Cruel and Unusual Punishment
Appellant's final argument is that, because the crime as a result of which he has now been ordered to prison occurred over 17 years ago, it is cruel and unusual punishment to send him to prison at this time. This argument, not raised below, can be easily rejected. The time delays in appellant's case were the result of mistrials, appeals, and retrials following appellate reversal. See note 1 supra. Appellant actively sought appellate review, and there is no indication that he did not acquiesce in the declarations of mistrial. Moreover, this court in 1970 rejected speedy trial and cruel and unusual punishment contentions made by appellant on the basis of his numerous trials, the court noting that he had not, to that point, sought to speed up the progress of his case. United States v. Persico, 425 F.2d 1375, 1385 (2d Cir.), cert. denied, 400 U.S. 869, 91 S.Ct. 102, 27 L.Ed.2d 108 (1970). The fact that appellant has not gone to prison since 1970 resulted in part from further legal actions on his part and in part from the suspension of his sentence while he was on his now revoked probation. When a defendant's own actions or actions in which he has acquiesced have caused the delay between the commission of the crime and the entering of prison, he ordinarily will not be heard to contend that the delay constitutes cruel and unusual punishment. See Scott v. United States, 434 F.2d 11, 23 (5th Cir. 1970) (per curiam adoption of district court opinion).

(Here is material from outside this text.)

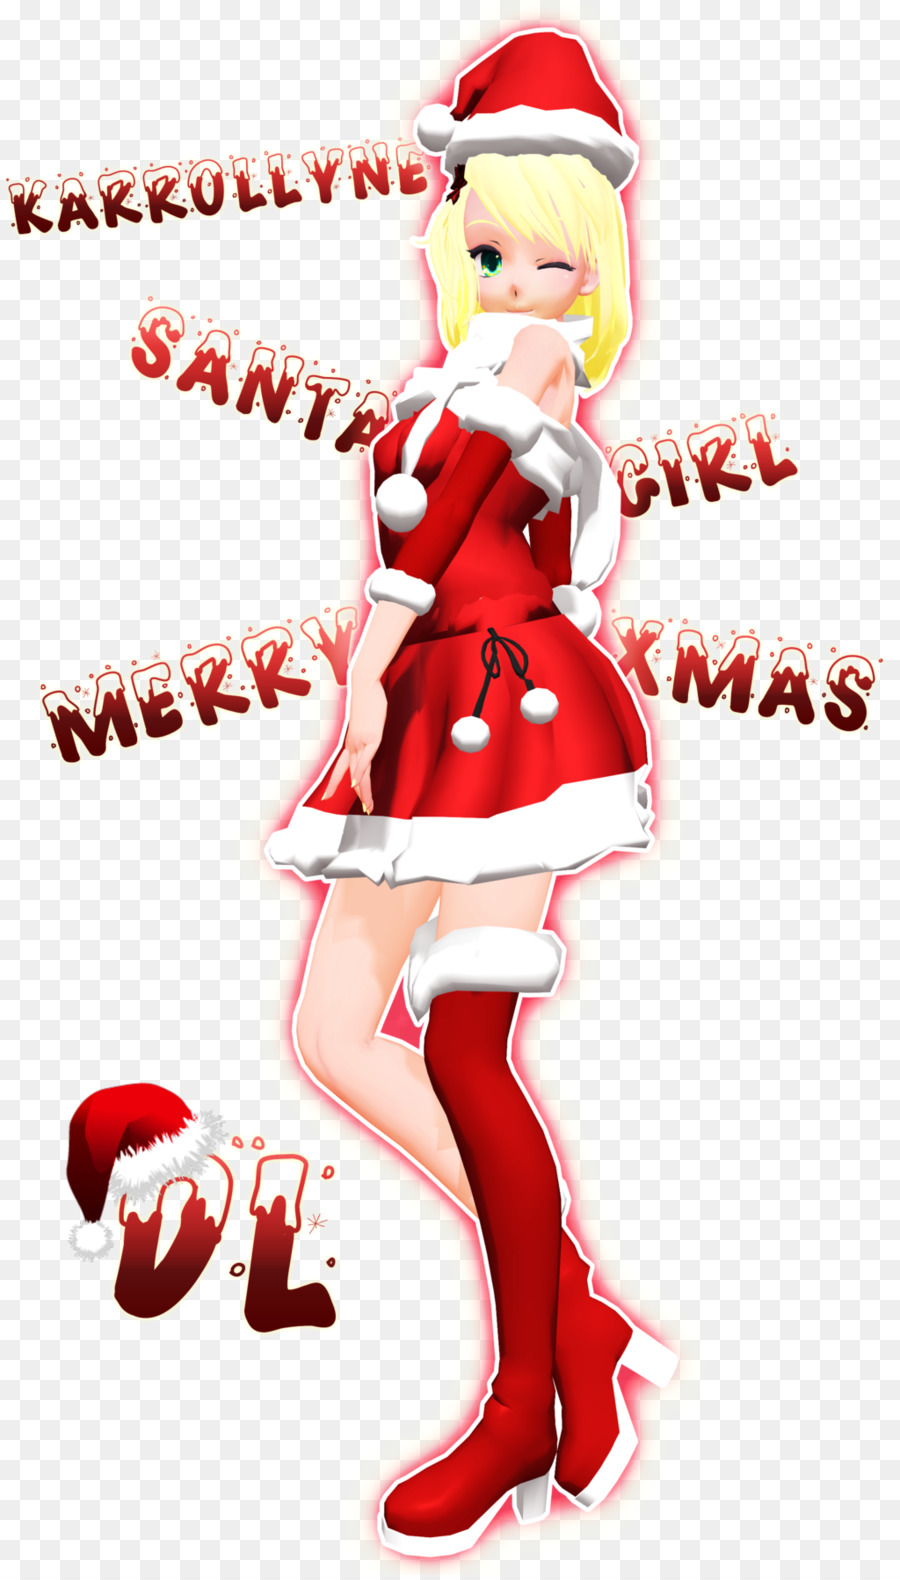 Santa Claus Christmas ornament Santa suit Weihnachts-elf Kostüm - Weihnachtsmann
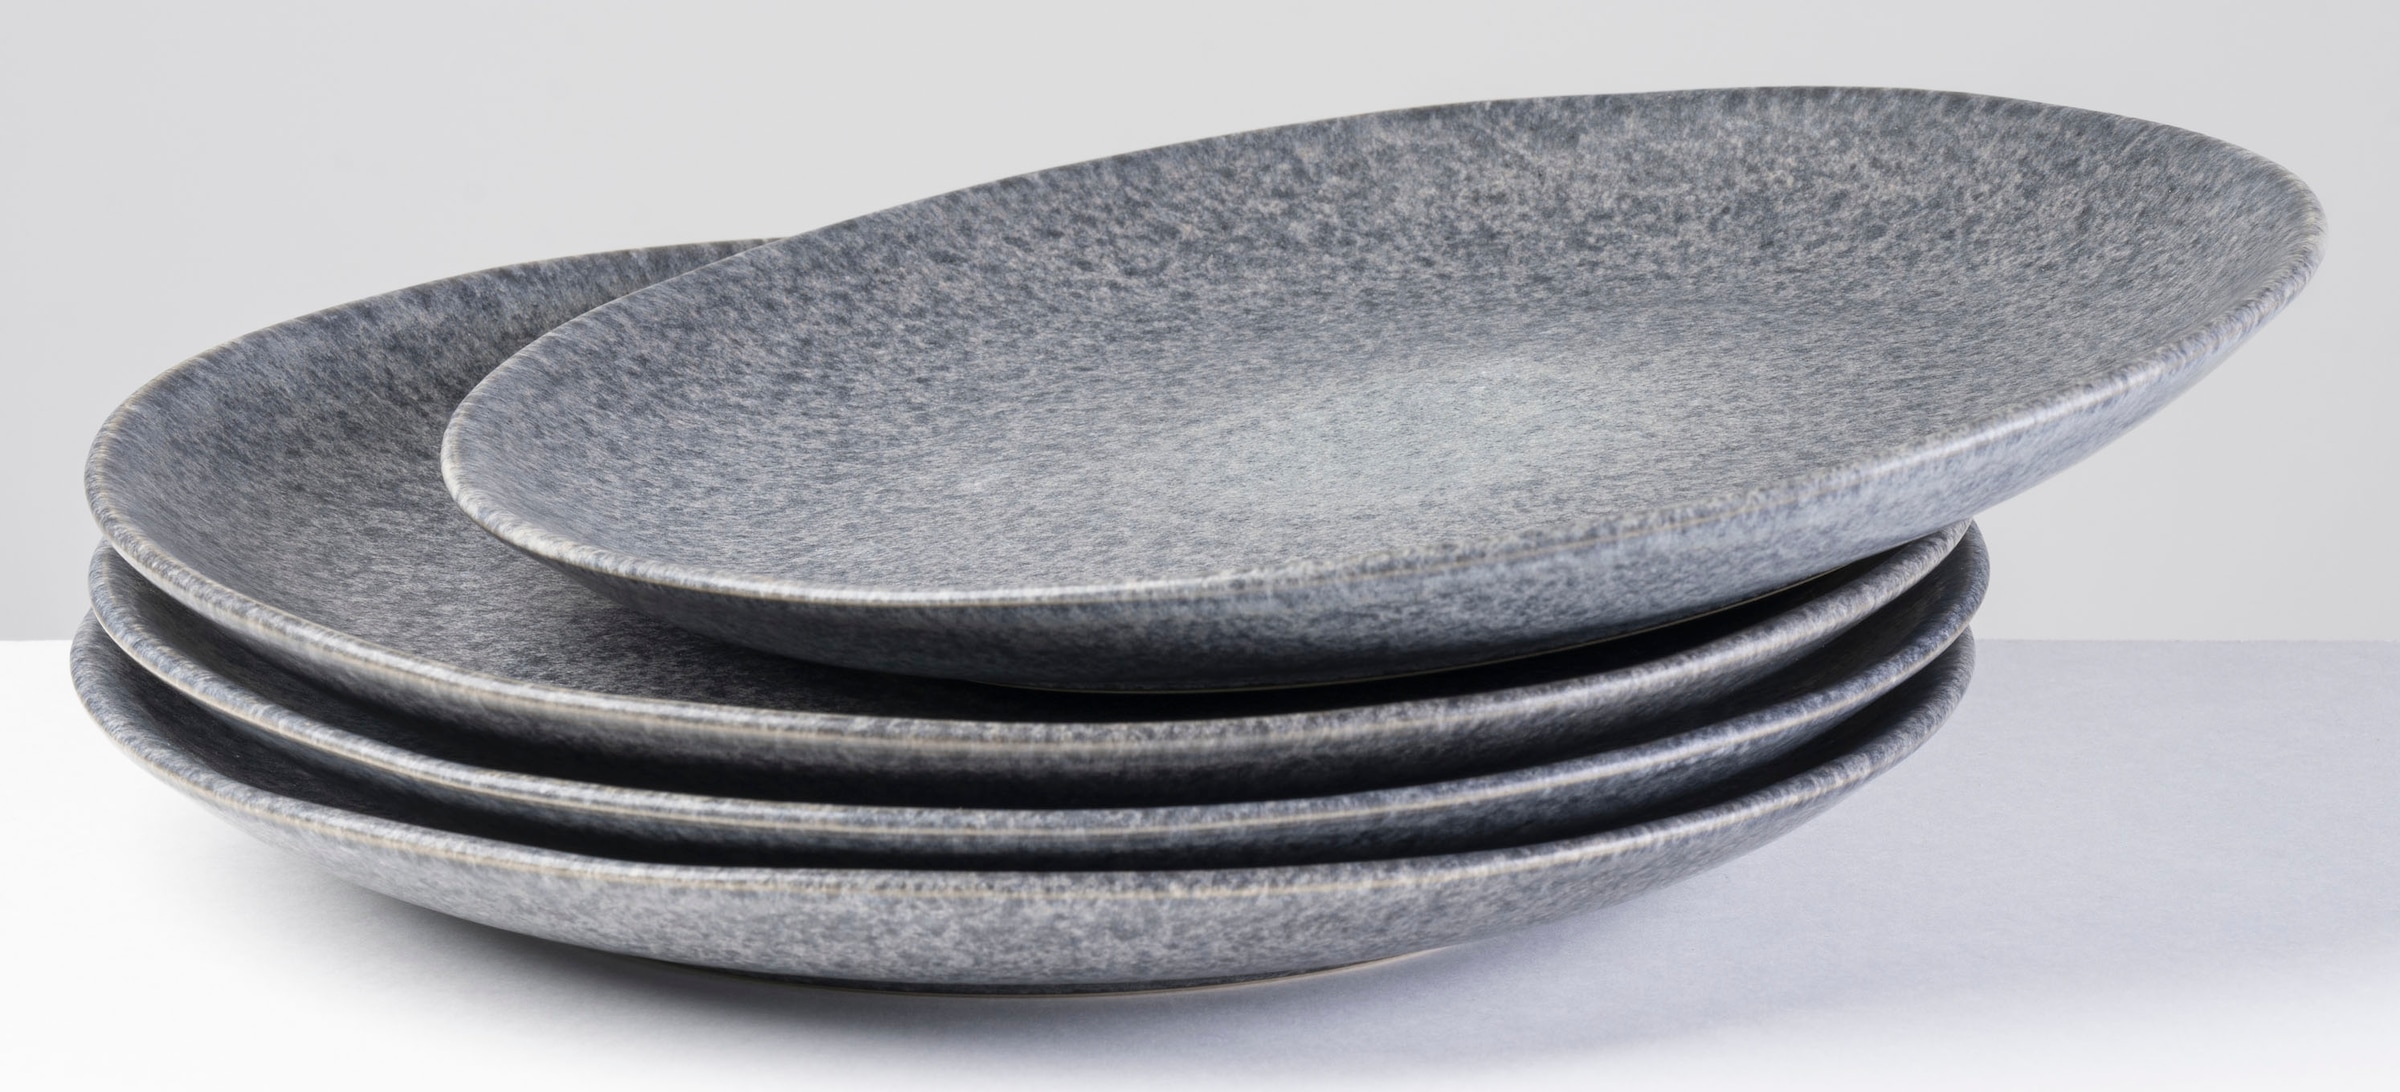 CreaTable Tafelservice Uno schwarz Steinzeug 12 tlg. ▷ online bei POCO  kaufen

Revocation order affirmed. Order denying motion under Fed.R.Crim.P. 35 modified and, as modified, affirmed.
. . . . .
The court may revoke or modify any condition of probation, or may change the period of probation.
The period of probation, together with any extension thereof, shall not exceed five years.
While on probation and among the conditions thereof, the defendant —
May be required to pay a fine in one or several sums; and
May be required to make restitution or reparation to aggrieved parties for actual damages or loss caused by the offense for which conviction was had; and
May be required to provide for the support of any persons, for whose support he is legally responsible.
This statute derives from the Act of March 4, 1925, ch. 521 § 1, 43 Stat. 1259, which in turn was enacted in response to Ex parte United States, 242 U.S. 27, 37 S.Ct. 72, 61 L.Ed. 129 (1916) (no inherent judicial power in federal courts to suspend sentence). See United States v. Murray, 275 U.S. 347, 352-57, 48 S.Ct. 146, 72 L.Ed. 309 (1928). See generally Evjen, The Federal Probation System: The Struggle to Achieve It and Its First 25 Years, Federal Probation, June 1975, at 3.